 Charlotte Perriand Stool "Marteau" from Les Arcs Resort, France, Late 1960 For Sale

--

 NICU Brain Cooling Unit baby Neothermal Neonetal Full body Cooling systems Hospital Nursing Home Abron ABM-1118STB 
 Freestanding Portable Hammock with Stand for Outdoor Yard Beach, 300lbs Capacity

● **What needs to be done**: When the line with "NICU Brain Cooling" is reached in the data above, start copying there, and copy each line exactly until the line with "Freestanding Portable Hammock" has been copied; copy nothing else.

● **Task response**:
 NICU Brain Cooling Unit baby Neothermal Neonetal Full body Cooling systems Hospital Nursing Home Abron ABM-1118STB 
 Freestanding Portable Hammock with Stand for Outdoor Yard Beach, 300lbs Capacity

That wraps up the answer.